* Activity *
Drop the pictures and extract exactly the lines from the one that contains "宝塔面板FTP无法连接的解决方案,实测有效" through the end of the material.

* Data section *
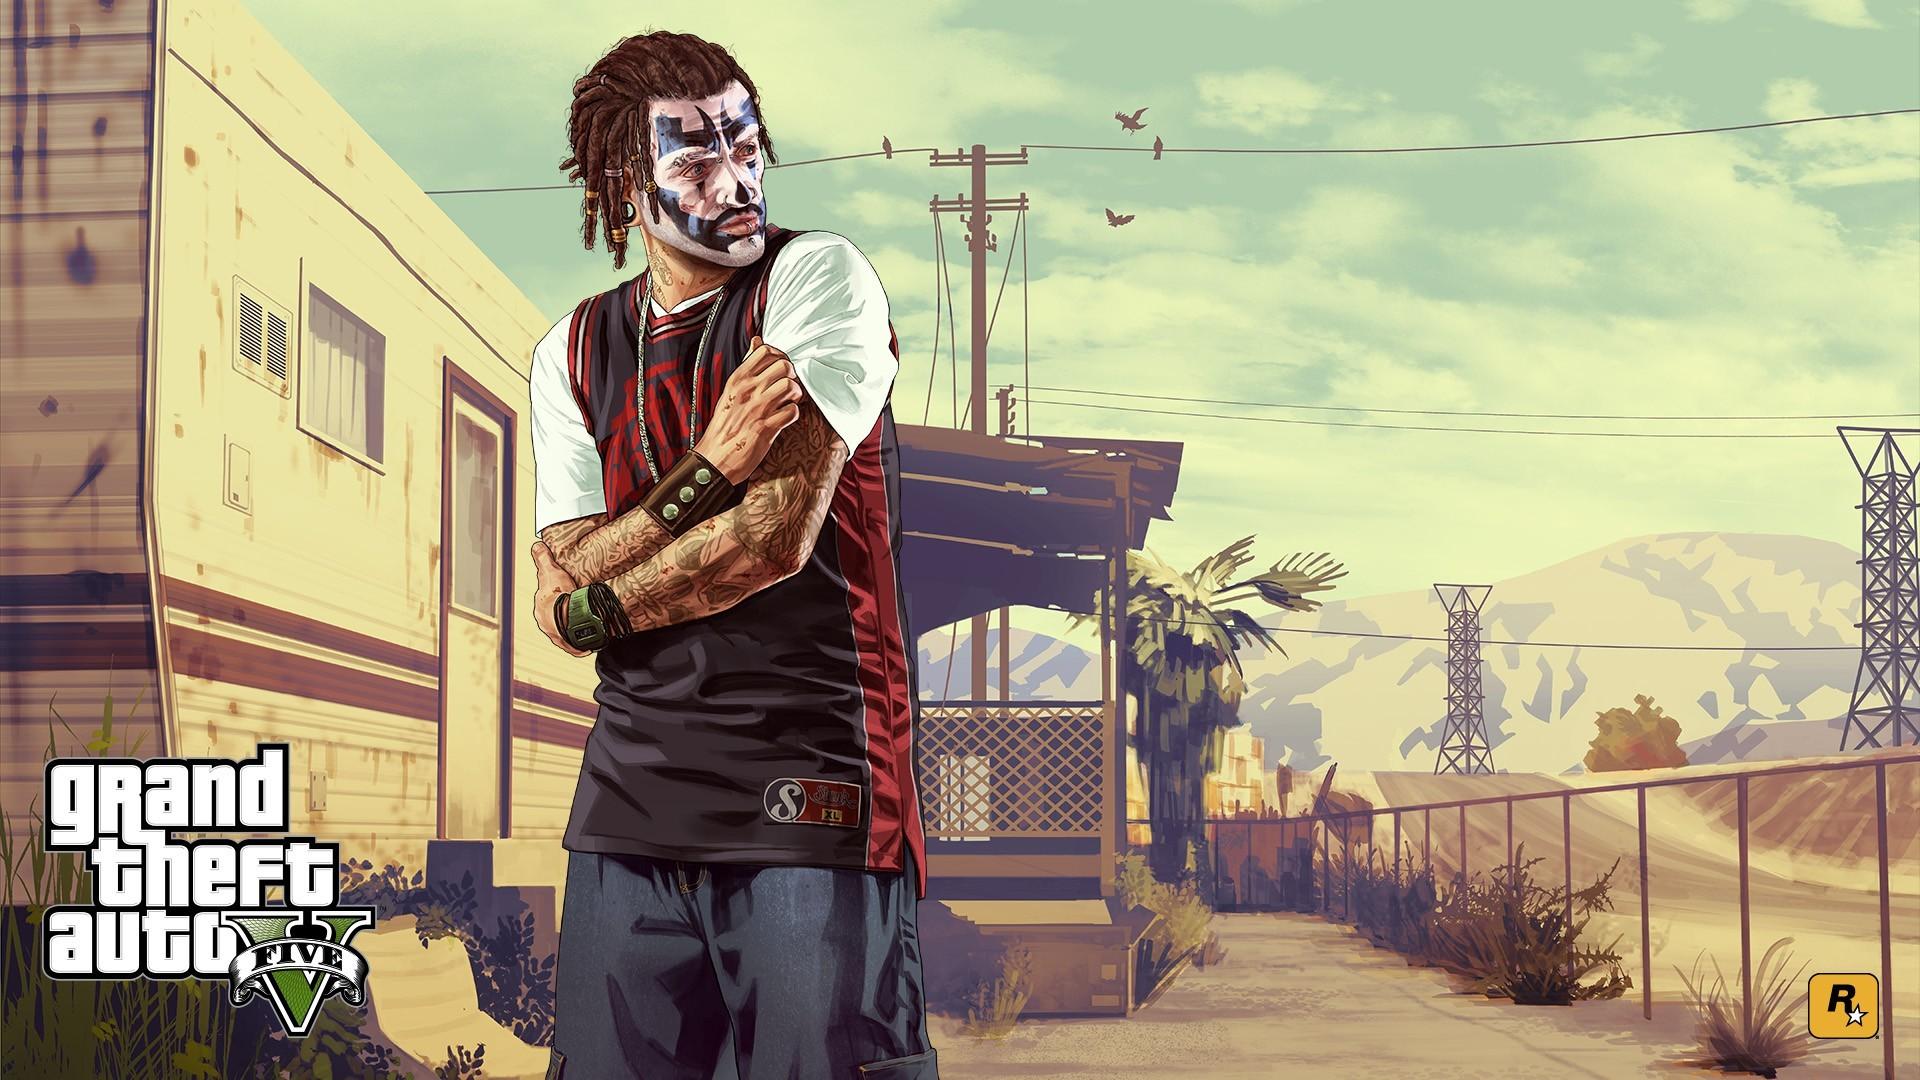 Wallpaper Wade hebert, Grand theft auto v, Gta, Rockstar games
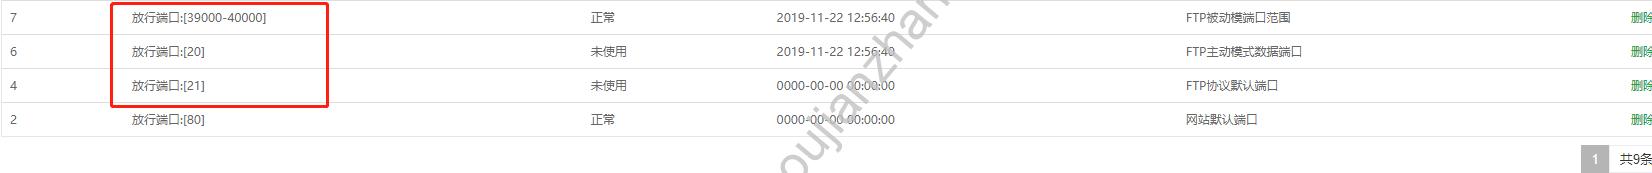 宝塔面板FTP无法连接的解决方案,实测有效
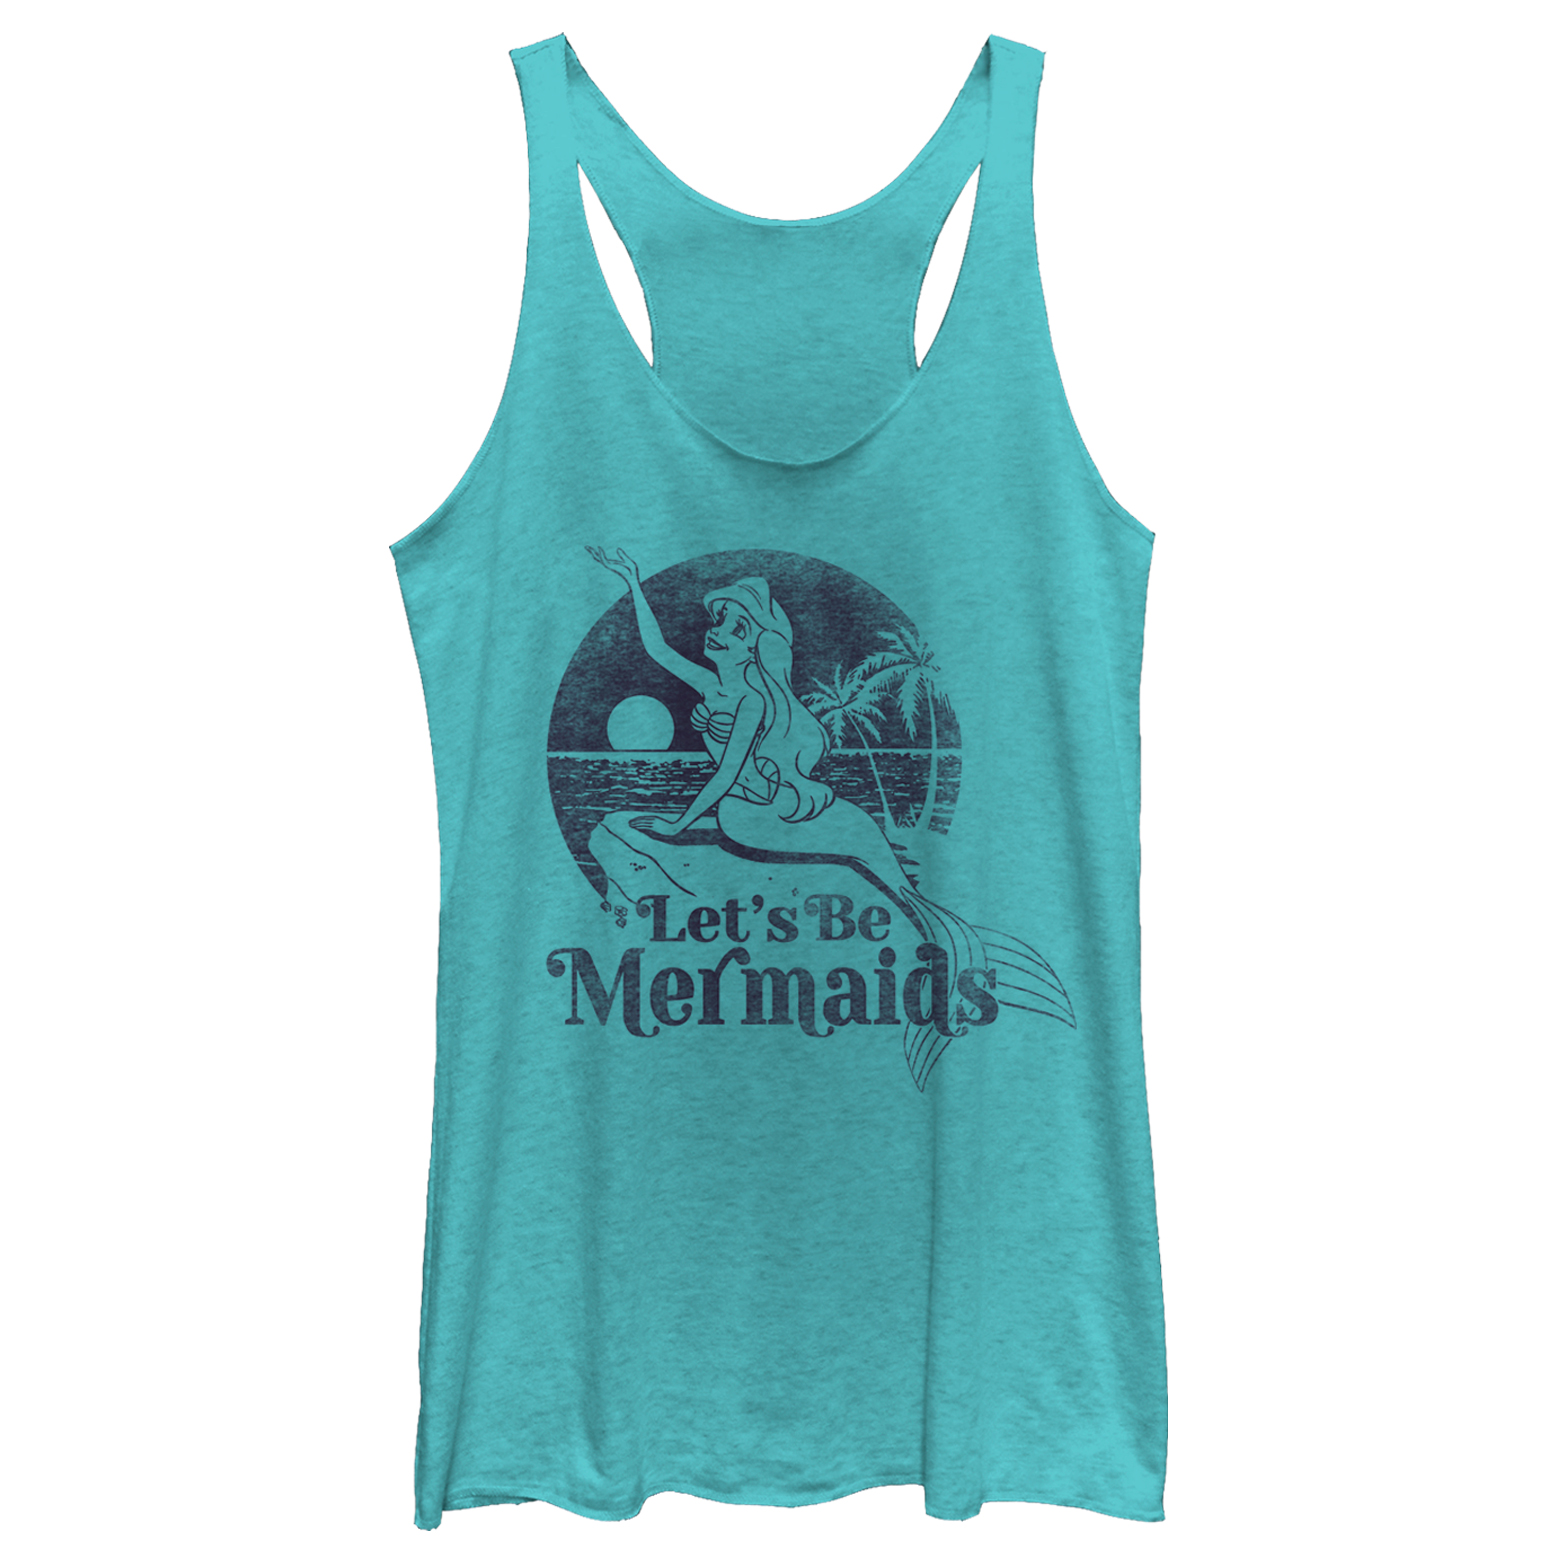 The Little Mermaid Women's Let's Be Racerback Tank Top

* Result of the exercise *
 宝塔面板FTP无法连接的解决方案,实测有效
 The Little Mermaid Women's Let's Be Racerback Tank Top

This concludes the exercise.